# Work task:
Although the data below contains pictures, output only the lines between those holding "Two burritos side by side." and "Former artist’s studio", inclusive, exactly and without those pictures.

# Study material:
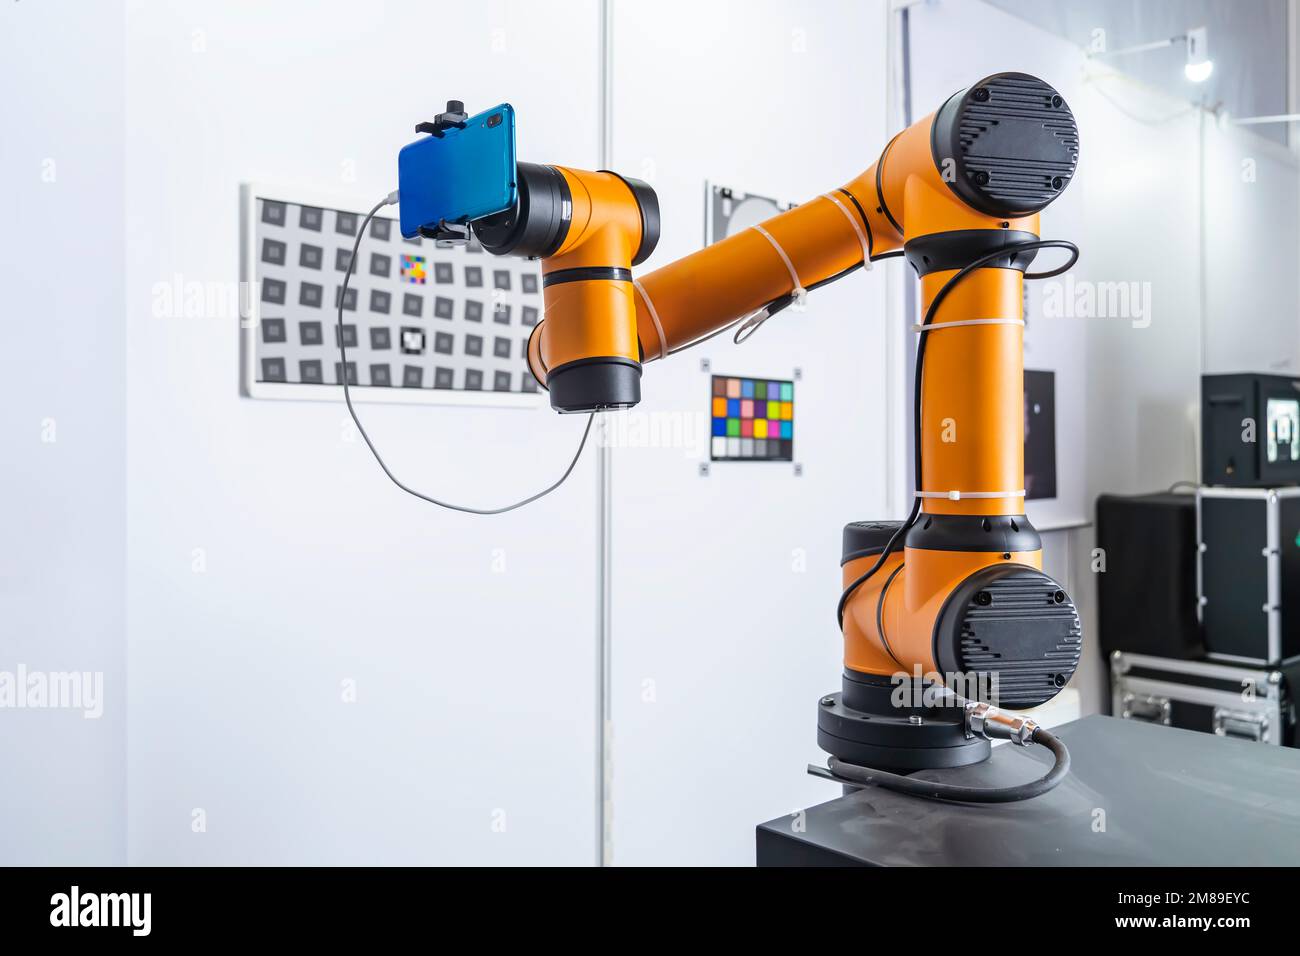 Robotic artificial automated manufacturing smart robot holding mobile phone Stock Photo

---

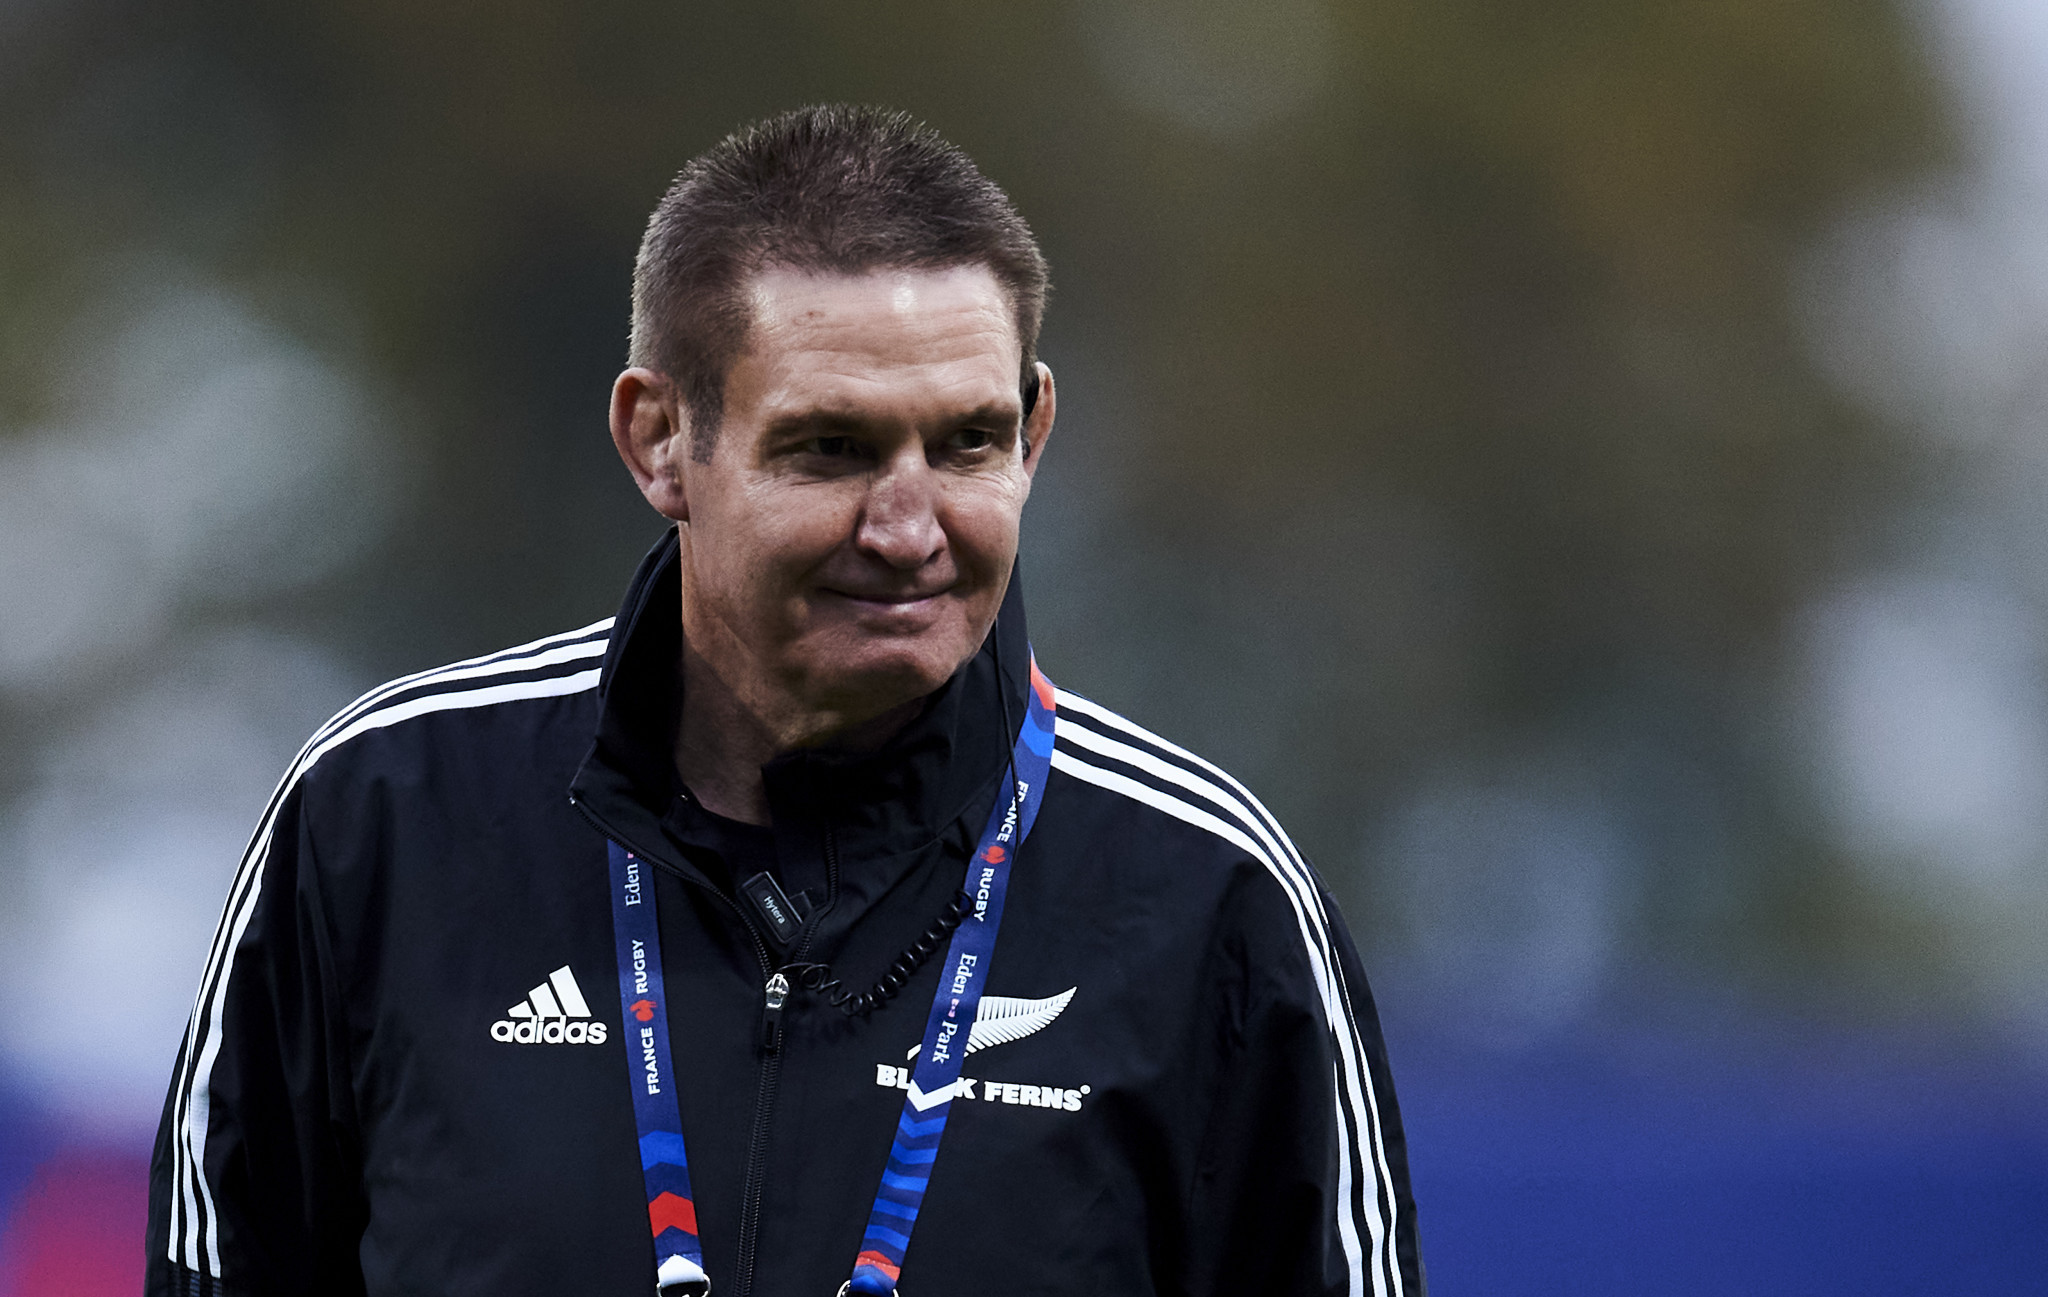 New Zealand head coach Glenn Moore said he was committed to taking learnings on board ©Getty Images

==

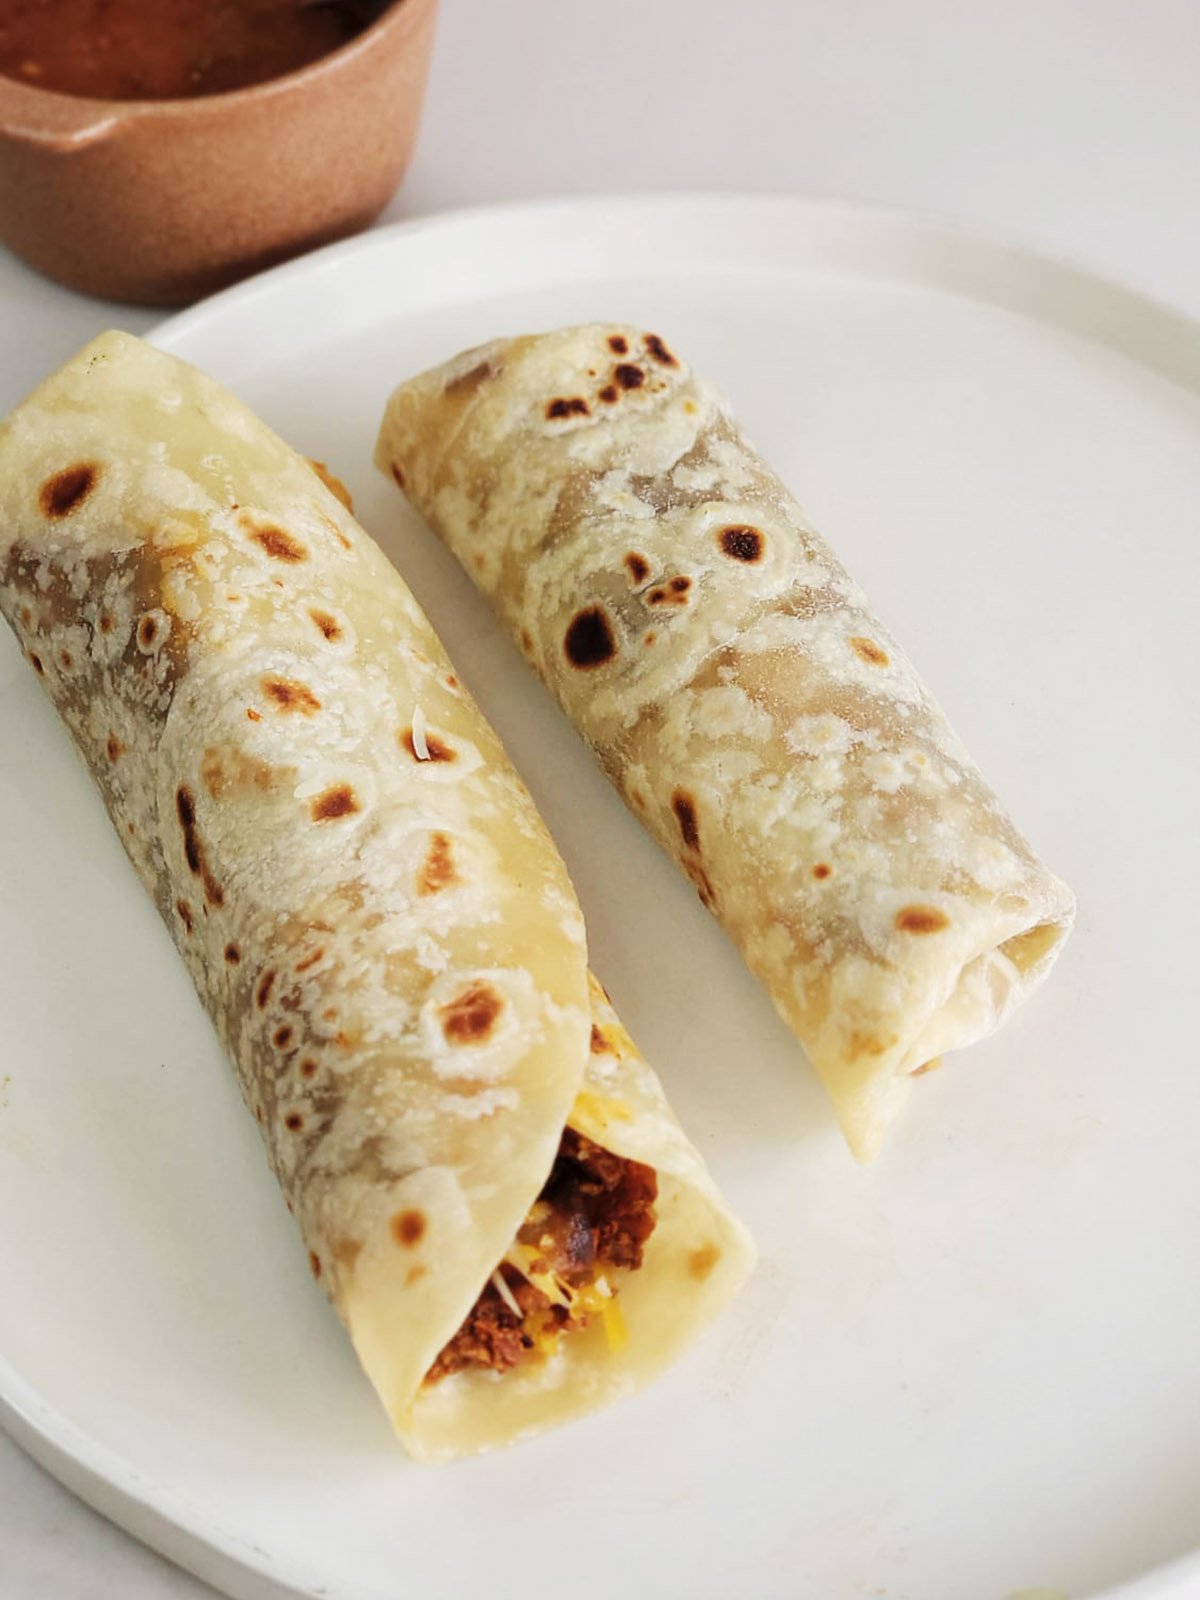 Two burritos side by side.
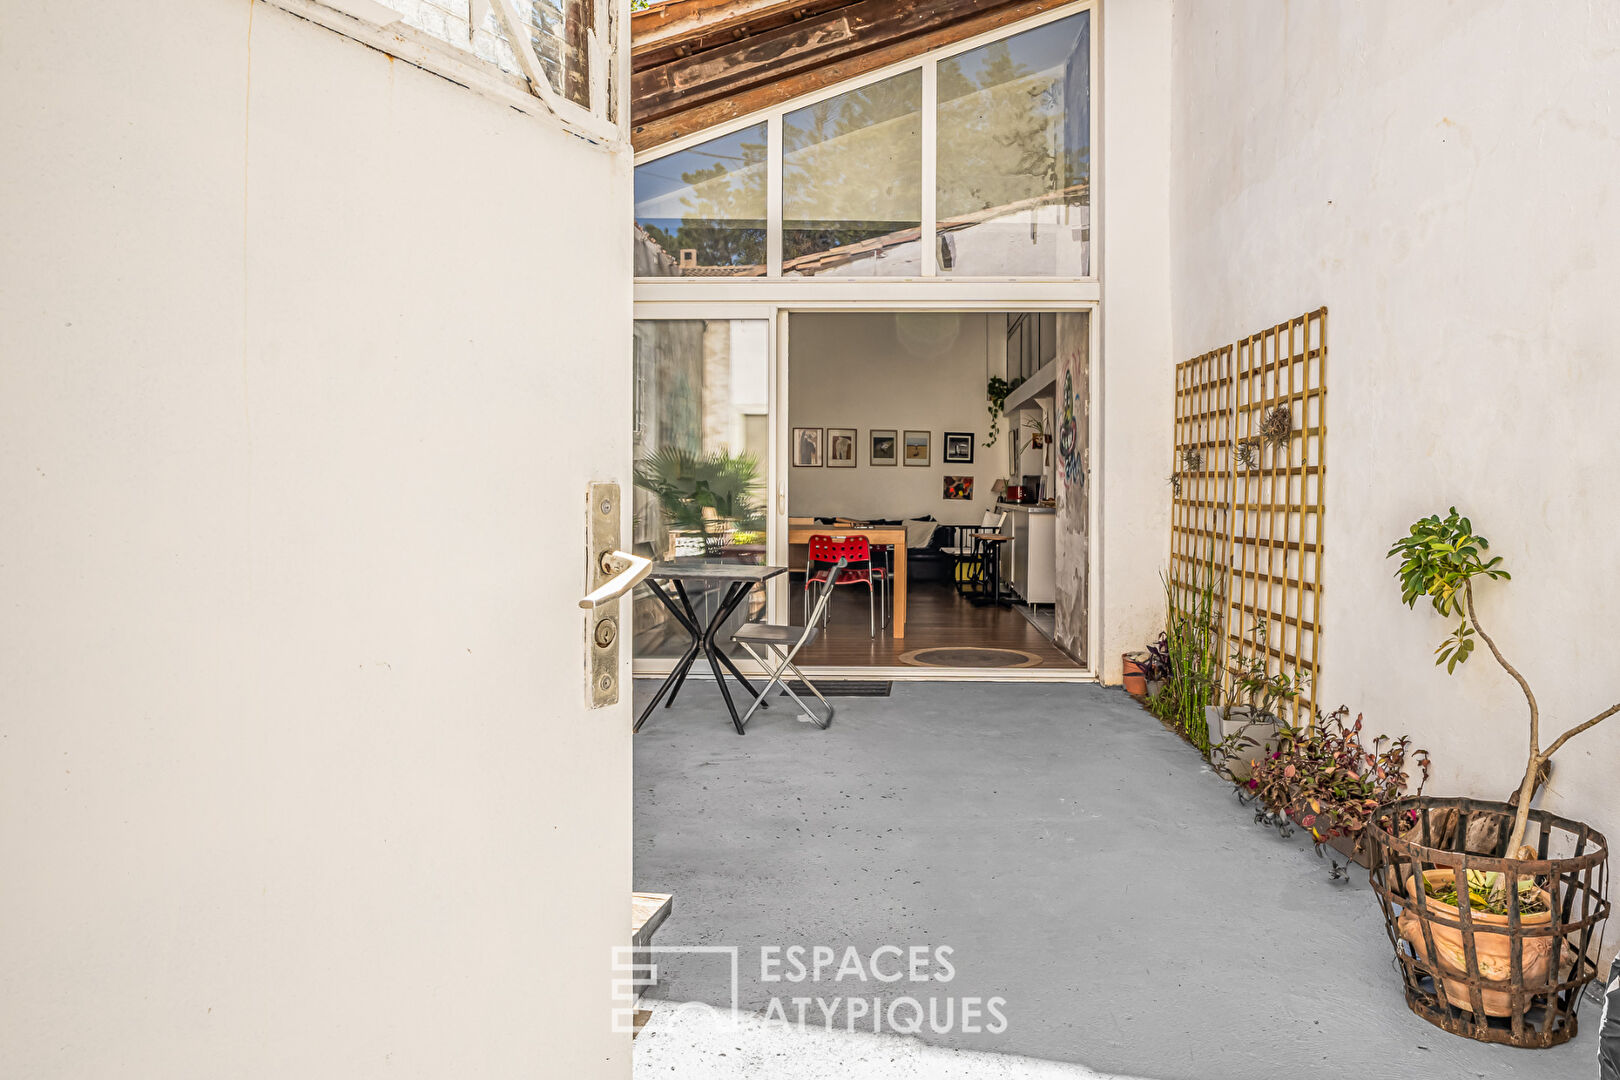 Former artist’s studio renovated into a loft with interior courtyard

# Completed task:
 Two burritos side by side.
 Former artist’s studio renovated into a loft with interior courtyard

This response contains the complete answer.